Pendant le cortège funèbre, la police a confisqué les drapeaux palestiniens des personnes en deuil et a frappé les porteurs du cercueil à coups de matraque. Une vidéo montre des dizaines de policiers courant vers les porteurs du cercueil, les dispersant à coups de matraque, les amenant presque à faire tomber le cercueil.

La police a déshonoré la mémoire d’Abu Akleh, n’a montré aucun respect pour les personnes en deuil et a transformé les funérailles en une pagaille qui devrait faire honte à tous les Israéliens. Même si certaines personnes se sont révoltées lors des funérailles, le travail de la police est de faire retomber les hostilités, pas d’attiser le feu.

Il ne s’agit pas seulement d’une atteinte à l’image d’Israël. Il s’agit d’un incident définitif qui a révélé toute la laideur de la vie sous l’occupation israélienne. Aucune relation publique au monde ne peut réparer les dommages, car il n’y a pas de "récit" qui justifie la conduite de la police israélienne.

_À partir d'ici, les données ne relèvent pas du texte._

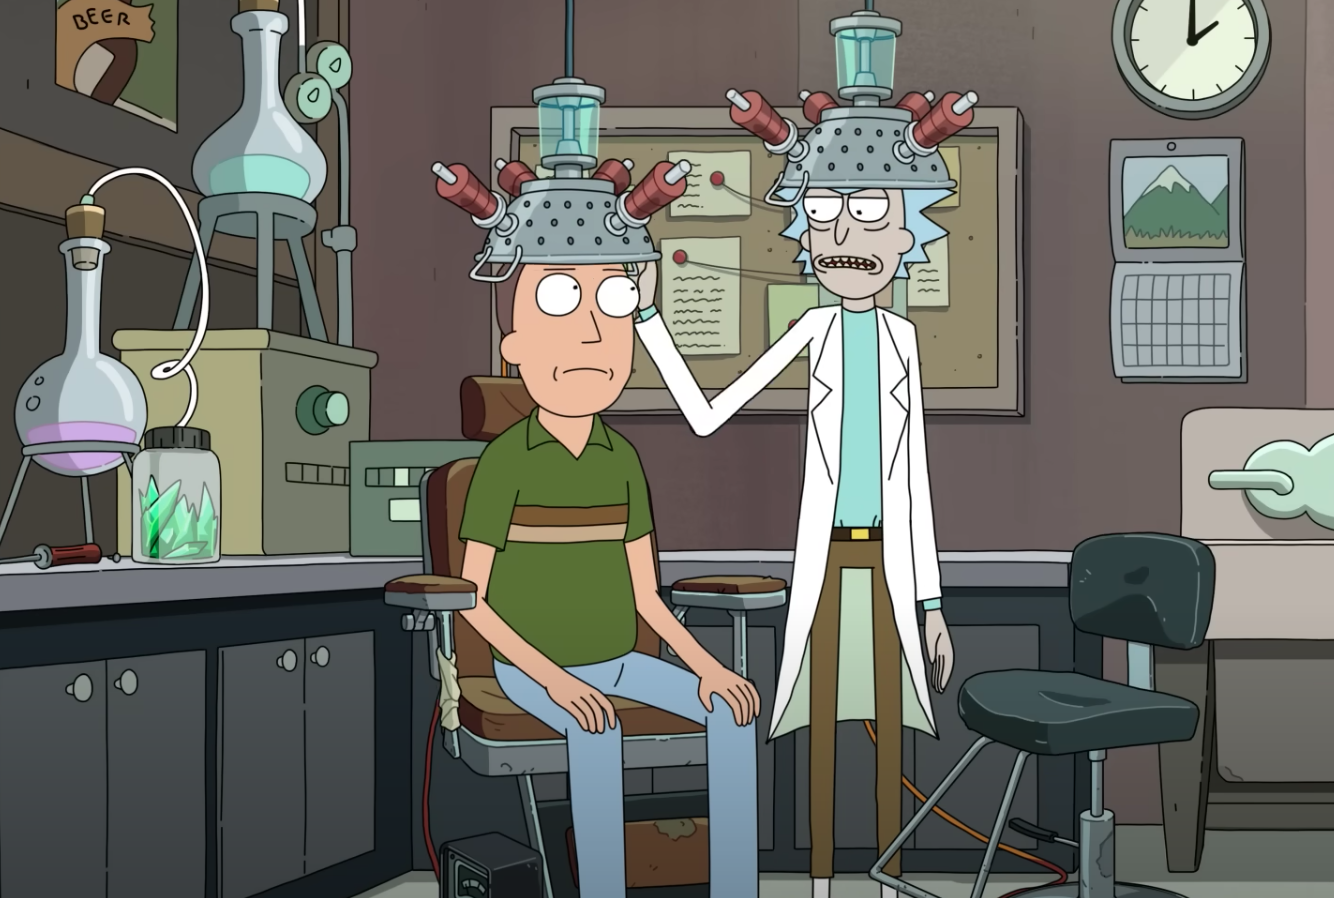 How to Watch Rick and Morty Online: Your 3 Best Options

Il ne s’agit pas seulement de mépris pour la douleur et le chagrin des Palestiniens ; il s’agit d’une attitude fondamentalement inappropriée envers le drapeau palestinien. Il s’agit du drapeau de l’Autorité palestinienne - une entité établie dans le cadre d’un accord avec Israël, un accord qui, entre autres, consacre la coopération en matière de sécurité dont Israël bénéficie depuis près de 30 ans - et il est reconnu par le monde entier, y compris par Israël. La police doit cesser de considérer le fait de brandir le drapeau comme un acte de défiance. Tout le monde peut le brandir, comme n’importe quel autre drapeau, n’importe où, y compris en Israël, où - et il est important de le rappeler une fois de plus au public israélien en général, et à la police israélienne en particulier - ce n’est pas contraire à la loi.

Au-delà de cela, il faut se demander : à quel drapeau les Israéliens pensent-ils que les Palestiniens doivent s’identifier ? Les millions de Palestiniens qui vivent sous l’occupation israélienne ont-ils été invités à devenir des citoyens égaux d’Israël et à brandir son drapeau ? Le président des États-Unis, Joe Biden, a déclaré que les événements survenus lors des funérailles devaient faire l’objet d’une enquête, les responsables du gouvernement américain se sont dits choqués et les législateurs démocrates ont condamné ces événements.

Des condamnations ont également eu lieu en Israël, et le commissaire de police Kobi Shabtai, ainsi que le ministre de la sécurité publique Omer Bar-Lev, ont ordonné samedi une enquête sur la conduite de la police pendant les funérailles. Espérons que l’enquête ne se terminera pas par des déclarations vides et des réprimandes sans valeur. Pour changer le comportement imprudent et violent de la police dans les rues de Jérusalem, les responsables doivent être identifiés et remplacés.